Be water, my friend (Bruce Lee)
“Assim é a água” foi um dos títulos de Marcelo Yuka destinados aos concorrentes do grupo que coordenei na Flup de 2019. A canção começa com a colagem de uma famosa entrevista de Bruce Lee. Traduzo: “Esvazie sua mente, seja sem forma, sem forma como a água. Se você colocar água em um copo, torna-se o copo. Se colocar água em uma garrafa, torna-se a garrafa. Se colocar em um bule de chá, torna-se o bule. Agora, a água pode fluir ou pode bater. Seja água, meu amigo”. Precisei (precisamos eu e o grupo) de muito Bruce Lee para a FLUP de 2019. E talvez isso só me venha à consciência agora.

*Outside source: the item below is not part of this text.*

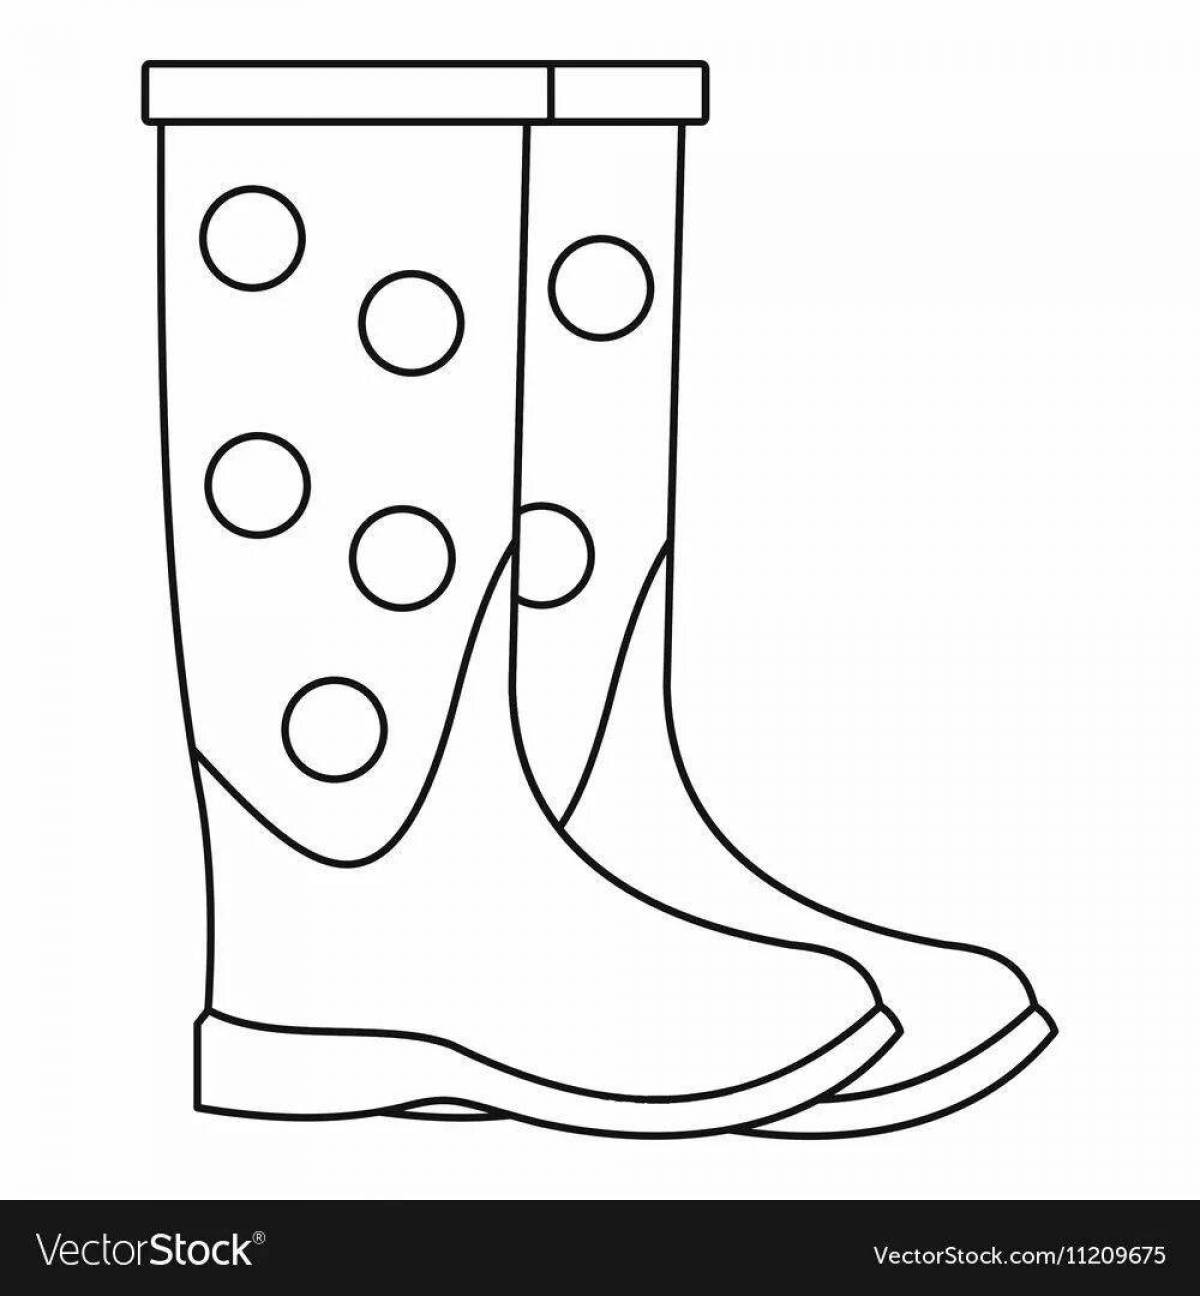 Adorable rubber boots coloring book

Num sentido, o ensinamento do mestre do Kung Fu esteve presente no aprendizado da construção de narrativas-curtas. Assim como a água se conforma em um copo, uma garrafa, um bule, a linguagem se conforma em um gênero, em diálogo com um texto original. Há nessa conformação os limites do gênero e a autonomia de um texto original. Mas, diferentemente do copo, da garrafa, do bule, autores não estavam dependentes de formas fixas. E um dos grandes aprendizados do grupo foi o de fazer fluir seu texto e perceber que essa fluência, nos limites da linguagem, resulta numa forma, a ser burilada e ganhar autonomia, em relação ao texto original, e a outros textos do gênero. A variedade das narrativas resultantes, tanto as que estão aqui quanto as que se guardaram no porvir (todas muito boas!), indica isso. E o leitor perceberá a potência do que bate e do que flui em todos os contornos deste livro.

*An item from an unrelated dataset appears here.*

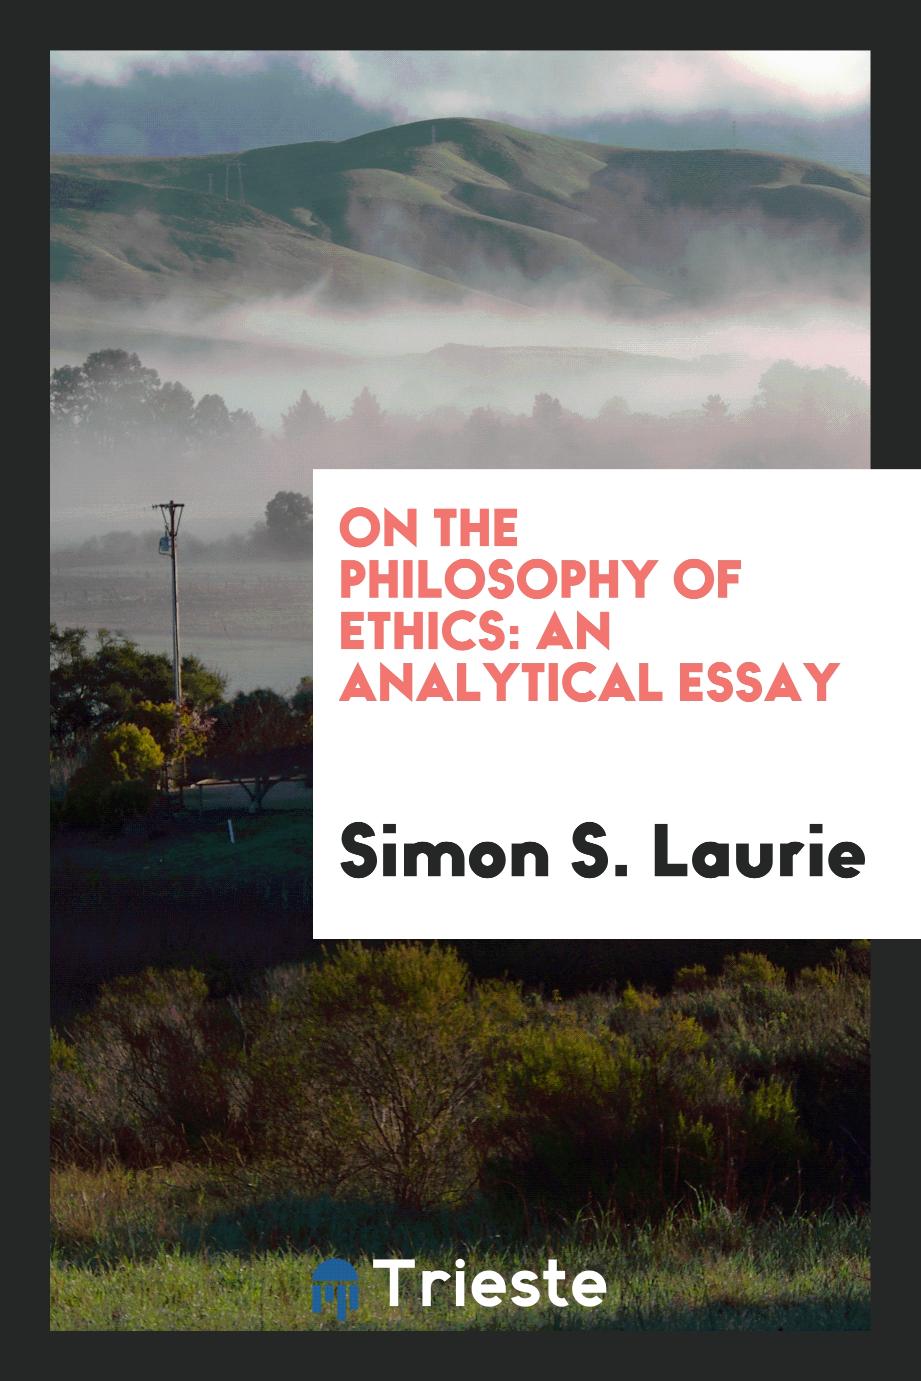 On the Philosophy of Ethics: An Analytical Essay

Noutro sentido, o político, o aprendizado de Bruce Lee está na própria permanência da Flup. Fluímos, todos os que militam pela cultura, pela inclusão, pela prevalência dos saberes periféricos, fluímos no fio da navalha do não, do impedimento, da perseguição. Contornamos como a água os cortes nos editais, os empecilhos burocraticamente construídos nesse primeiro ano de um governo dedicado ao desmonte da consciência, do respeito e da afirmação positiva da alteridade no Brasil. E também, como a água, batemos e bateremos na burrice e no preconceito generalizados da parcela da sociedade que apoia e compreende essas ações.
Finalmente, o último aprendizado, e o mais duro, foi o da perda. A Flup de 2019 será sempre marcada pela partida de um de seus idealizadores, e meu amigo de périplos suburbanos desde 1985, Ecio Salles. Lembrarei muito bem do cuidado com que fazíamos fluir os encontros, o aprendizado e a criação enquanto as notícias tristes e preocupantes nos rondavam. Nesse sentido é imprescindível agradecer a todos os candidatos, que souberam colocar o espírito de competição no seu devido lugar, e fazer prevalecer a amizade e a solidariedade para que tudo transcorresse com a tranquilidade possível. O abraço coletivo que demos no Júlio Ludemir jamais me sairá da memória.
Se a água pode fluir ou bater, a Flup está aí, como a água. Esta publicação o atesta. Nós continuaremos aqui, enquanto nos couber, batendo e fluindo. Agora a Ecio Salles basta fluir. Sempre. Seja como a água, meu amigo. Continue na luz dos seus guias e na força do seu legado. Tranquilo e infalível.